Exercise data:
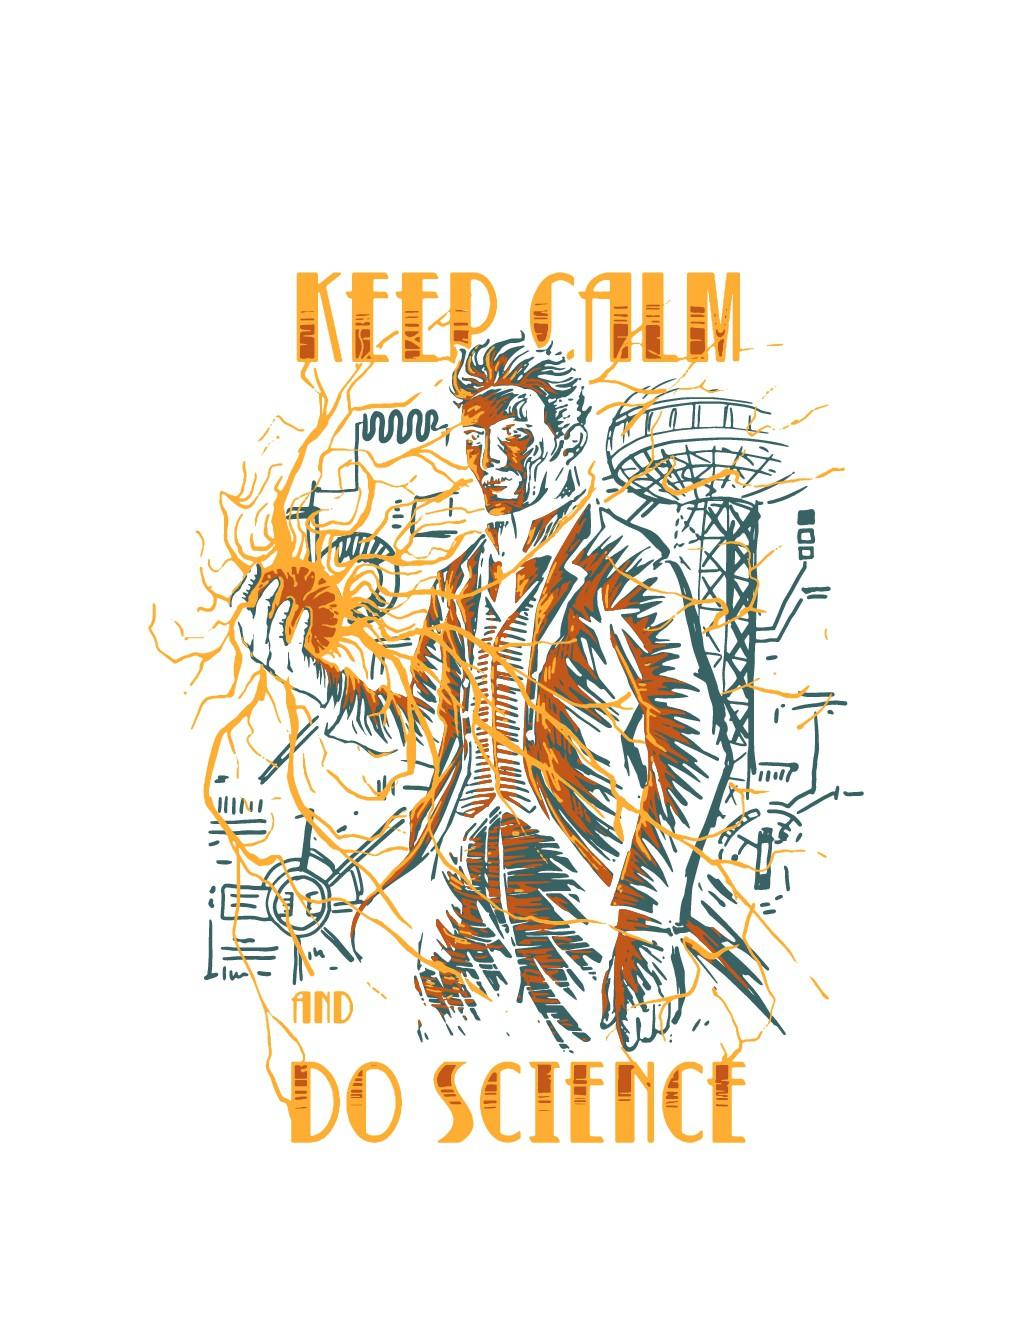 T-Shirt to inspire achievers: inventors, scientists, entrepreneurs
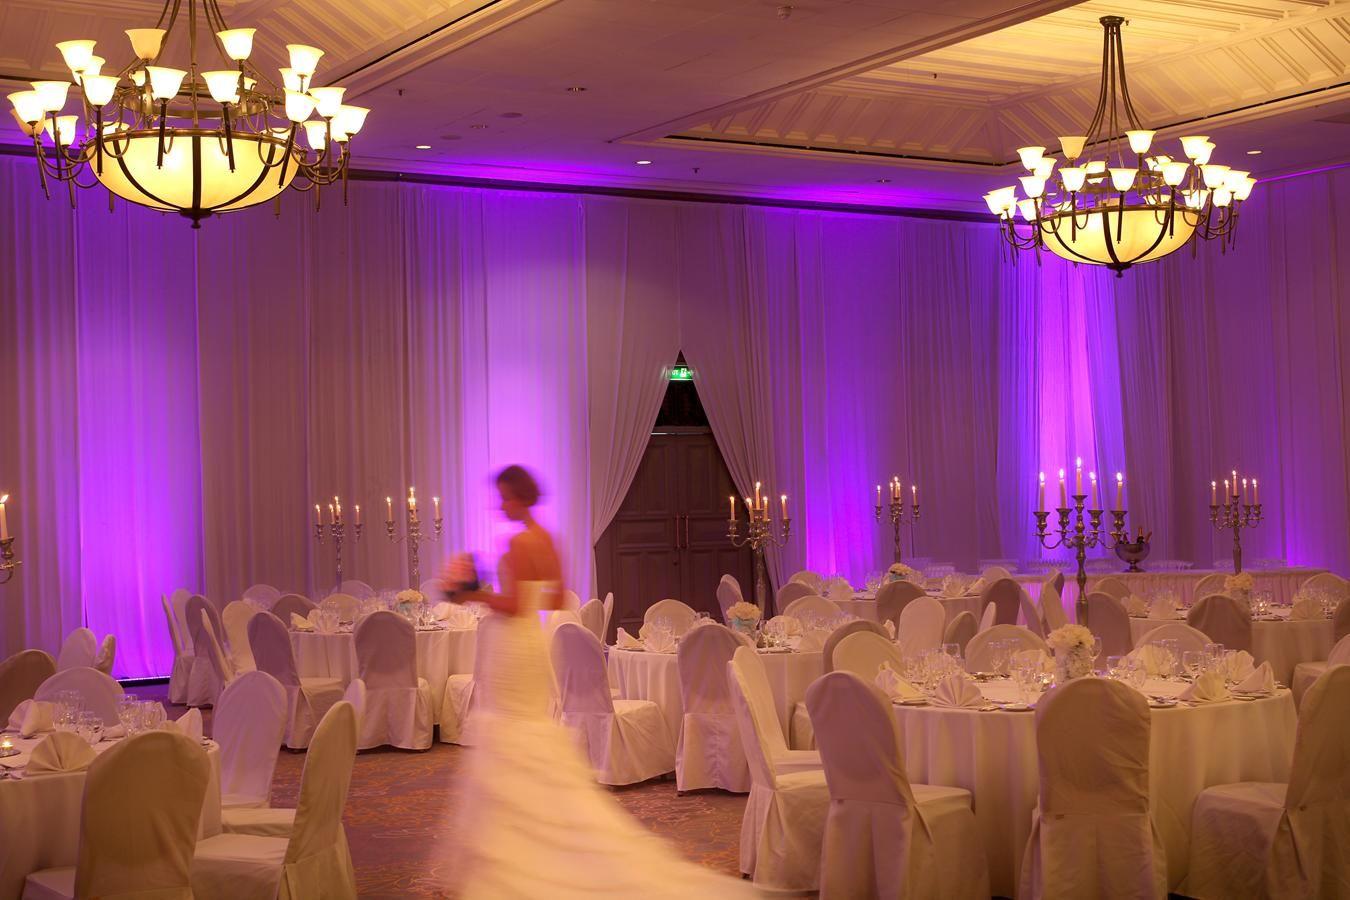 Ledra ballroom is the biggest pillar free ballroom weddings hilton ledra ballroom is the biggest pillar free ballroom weddings hilton nicosia cyprus junglespirit Choice Image
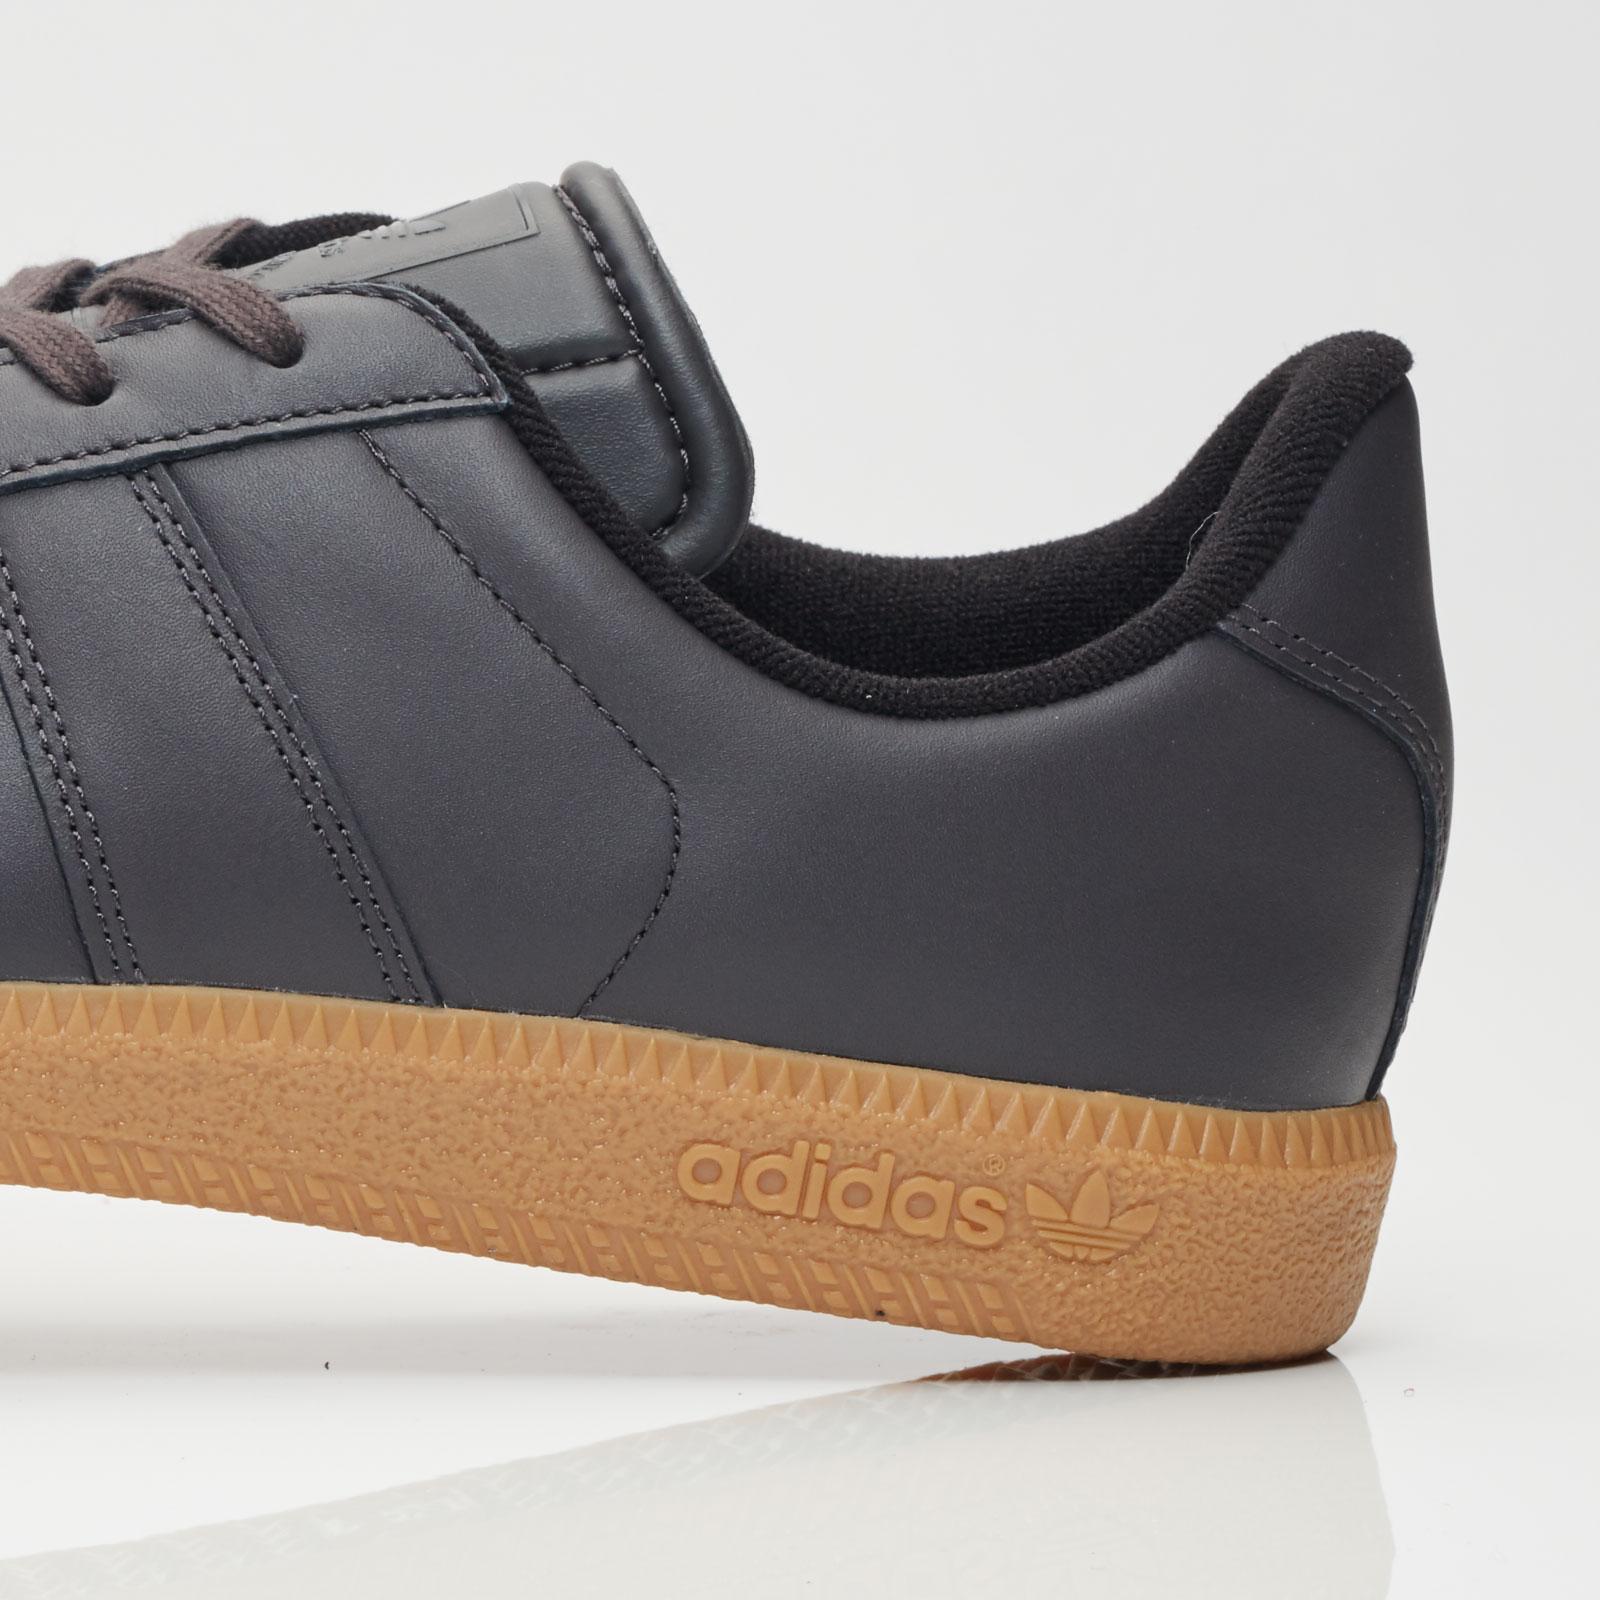 9846c60db02 adidas BW Army - Bz0580 - Sneakersnstuff
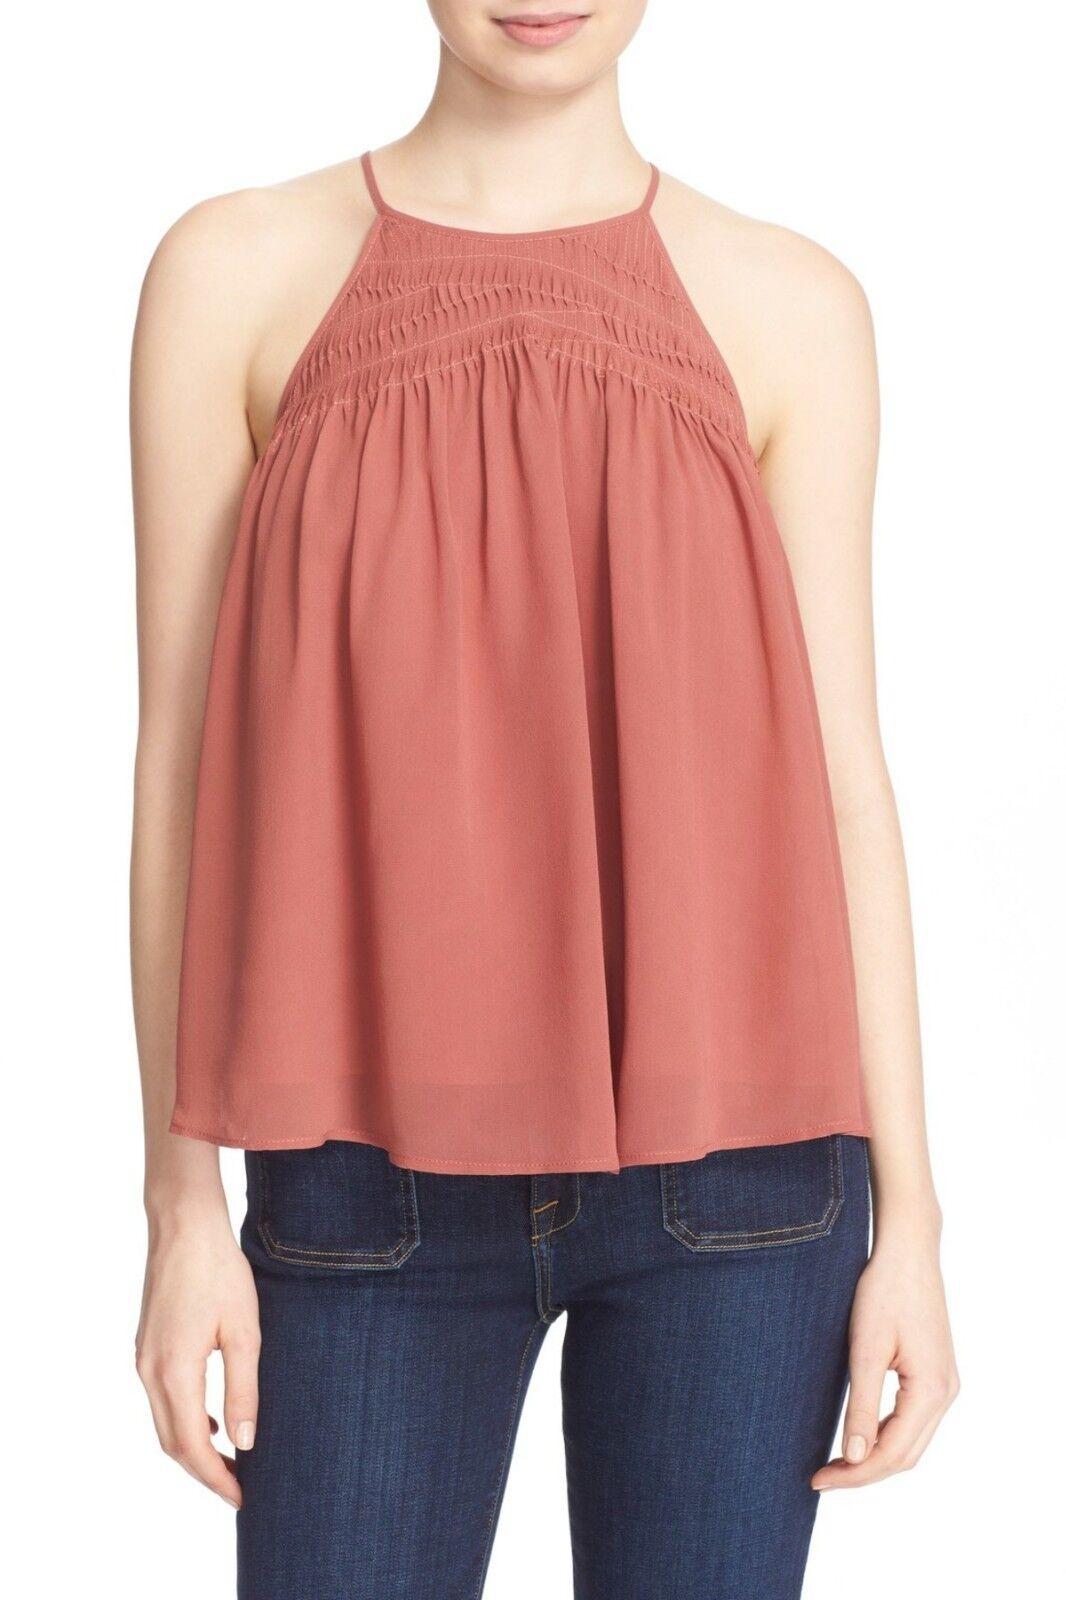 NWT- Joie Soseh Smocked Silk Sleeveless Top, Burnt Terracotta - Größe Small

Prompt: Omit every picture while printing the data word for word.

Task response:
 T-Shirt to inspire achievers: inventors, scientists, entrepreneurs
 Ledra ballroom is the biggest pillar free ballroom weddings hilton ledra ballroom is the biggest pillar free ballroom weddings hilton nicosia cyprus junglespirit Choice Image
 9846c60db02 adidas BW Army - Bz0580 - Sneakersnstuff
 NWT- Joie Soseh Smocked Silk Sleeveless Top, Burnt Terracotta - Größe Small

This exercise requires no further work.